Week Beginning May 15th:

  • Day 1: 1-mile run, 30 pull-ups, 60 push-ups, 90 air squats (repeat for 3 rounds)
  • Day 2: Rest day
  • Day 3: 800m run, 15 pull-ups, 30 push-ups, 45 air squats (repeat for 3 rounds)
  • Day 4: Rest day
  • Day 5: 400m run, 9 pull-ups, 18 push-ups, 27 air squats (repeat for 3 rounds)
  • Day 6: Rest day
  • Day 7: 200m run, 5 pull-ups, 10 push-ups, 15 air squats (repeat for 3 rounds)

Week Beginning May 22nd:

  • Day 1: 1-mile run, 40 pull-ups, 80 push-ups, 120 air squats (repeat for 2 rounds)
  • Day 2: Rest day
  • Day 3: 800m run, 20 pull-ups, 40 push-ups, 60 air squats (repeat for 2 rounds)
  • Day 4: Rest day
  • Day 5: 400m run, 12 pull-ups, 24 push-ups, 36 air squats (repeat for 2 rounds)
  • Day 6: Rest day
  • Day 7: 200m run, 7 pull-ups, 14 push-ups, 21 air squats (repeat for 2 rounds)

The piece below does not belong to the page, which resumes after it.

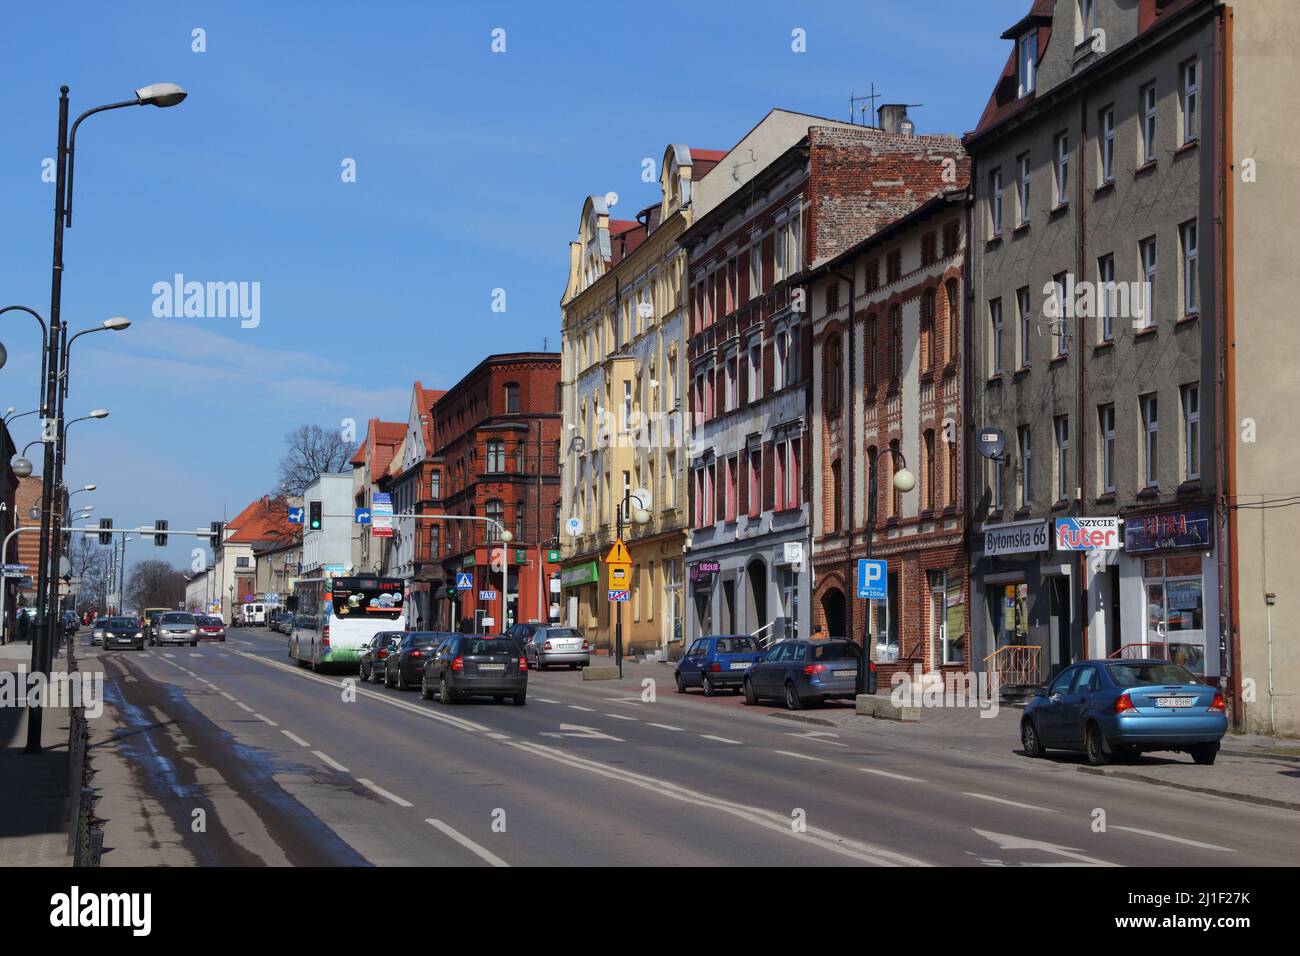 PIEKARY SLASKIE, POLAND - MARCH 9, 2015: Traffic in Piekary Slaskie, Poland. Piekary Slaskie is an important city in Slaskie region. Stock Photo

Features and Specs of the Murph Workout

Here are some key features and specifications of the Murph Workout:

  • Intense Full-Body Workout: The Murph Workout is a high-intensity, full-body challenge that targets multiple muscle groups simultaneously, providing an excellent cardiovascular and strength workout.
  • Weighted Vest Option: While not mandatory, wearing a weighted vest adds an extra layer of difficulty, replicating the gear that military personnel often wear during missions.
  • Time Challenge: The goal of the Murph Workout is to complete all the exercises for time. However, safety and proper form should always take precedence over speed.
  • Scalability: The Murph Workout can be scaled to suit different fitness levels. Beginners can start with fewer repetitions or use assisted variations of the exercises.

FAQs about the Murph Workout

Is the Murph Workout suitable for beginners?

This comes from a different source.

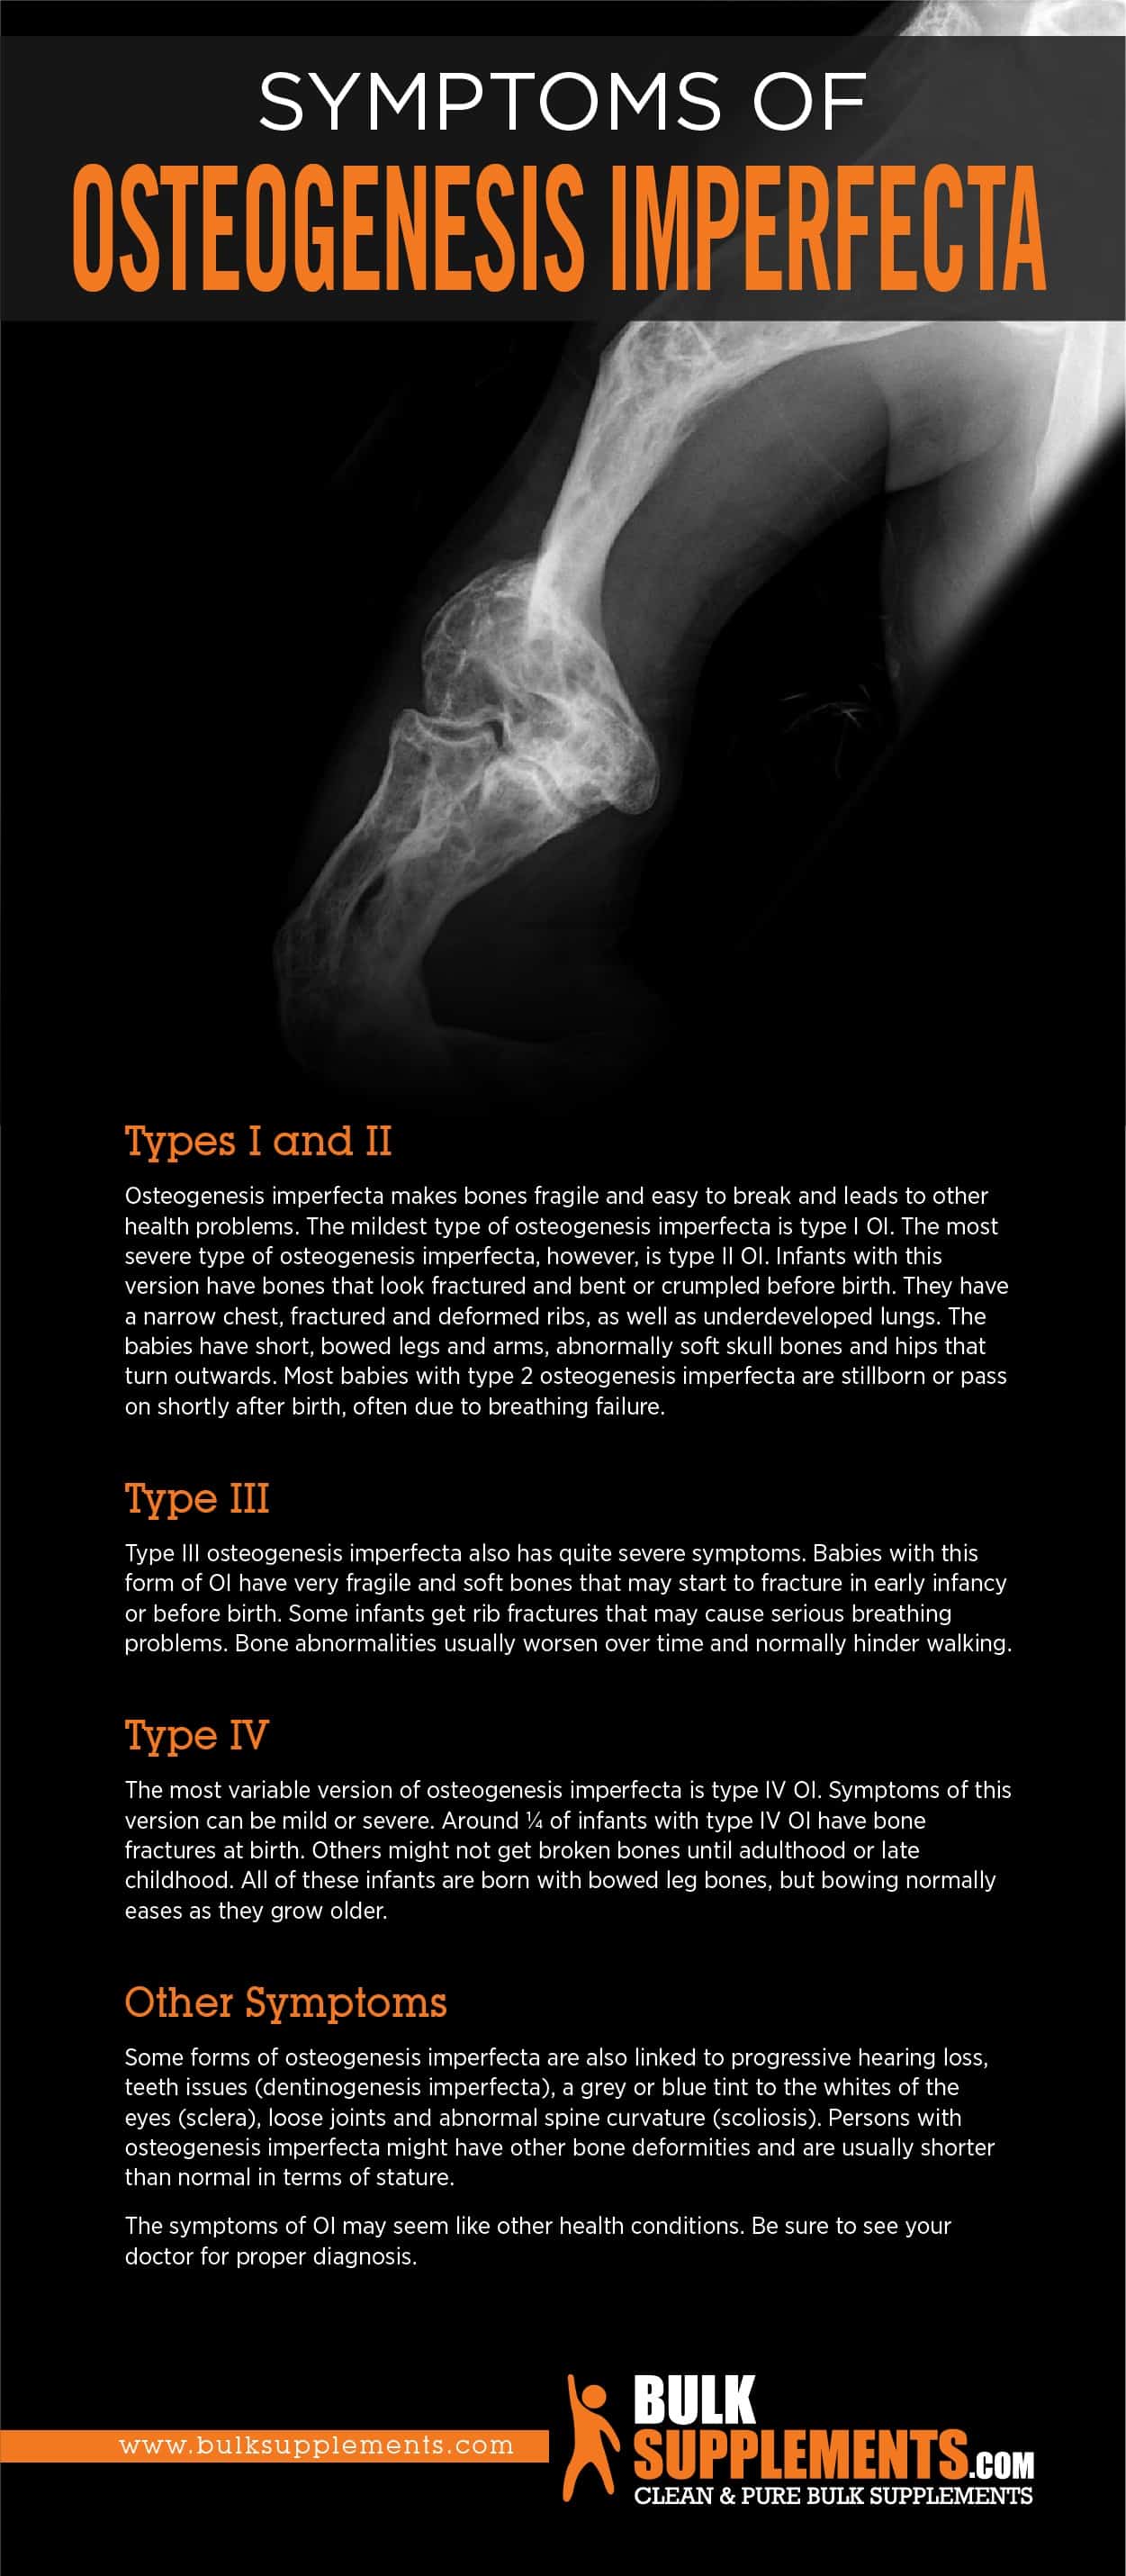 Symptoms of Osteogenesis Imperfecta

Yes, the Murph Workout can be scaled for beginners. Start with lighter versions of the exercises and gradually increase the intensity as you build strength and endurance.

Do I need a weighted vest for the Murph Challenge?

Using a weighted vest is optional, but it is recommended for those who want to take on an additional challenge and honor the original workout as performed by Lieutenant Michael Murphy.

How can I avoid injury during the Murph Workout?

Proper warm-up, technique, and form are crucial to preventing injuries. Take breaks when needed, listen to your body, and stop if you feel any discomfort or pain.

Can I break the workout into sets and take breaks between exercises?

Yes, breaking the workout into sets and taking short breaks is a common strategy to manage fatigue. Find a pace that works for you, and remember to keep pushing yourself.

Conclusion

The Murph Workout is an ultimate test of physical and mental strength, and it carries a deeper meaning of honoring a true hero. As a beginner, take the time to prepare properly, warm up effectively, and scale the workout to suit your fitness level. The Murph Challenge is not just about finishing for time; it’s about pushing your limits, embracing the journey, and remembering the sacrifices of those who have served. So, lace up your shoes, wear that weighted vest if you dare, and embark on the Murph Workout with courage and determination!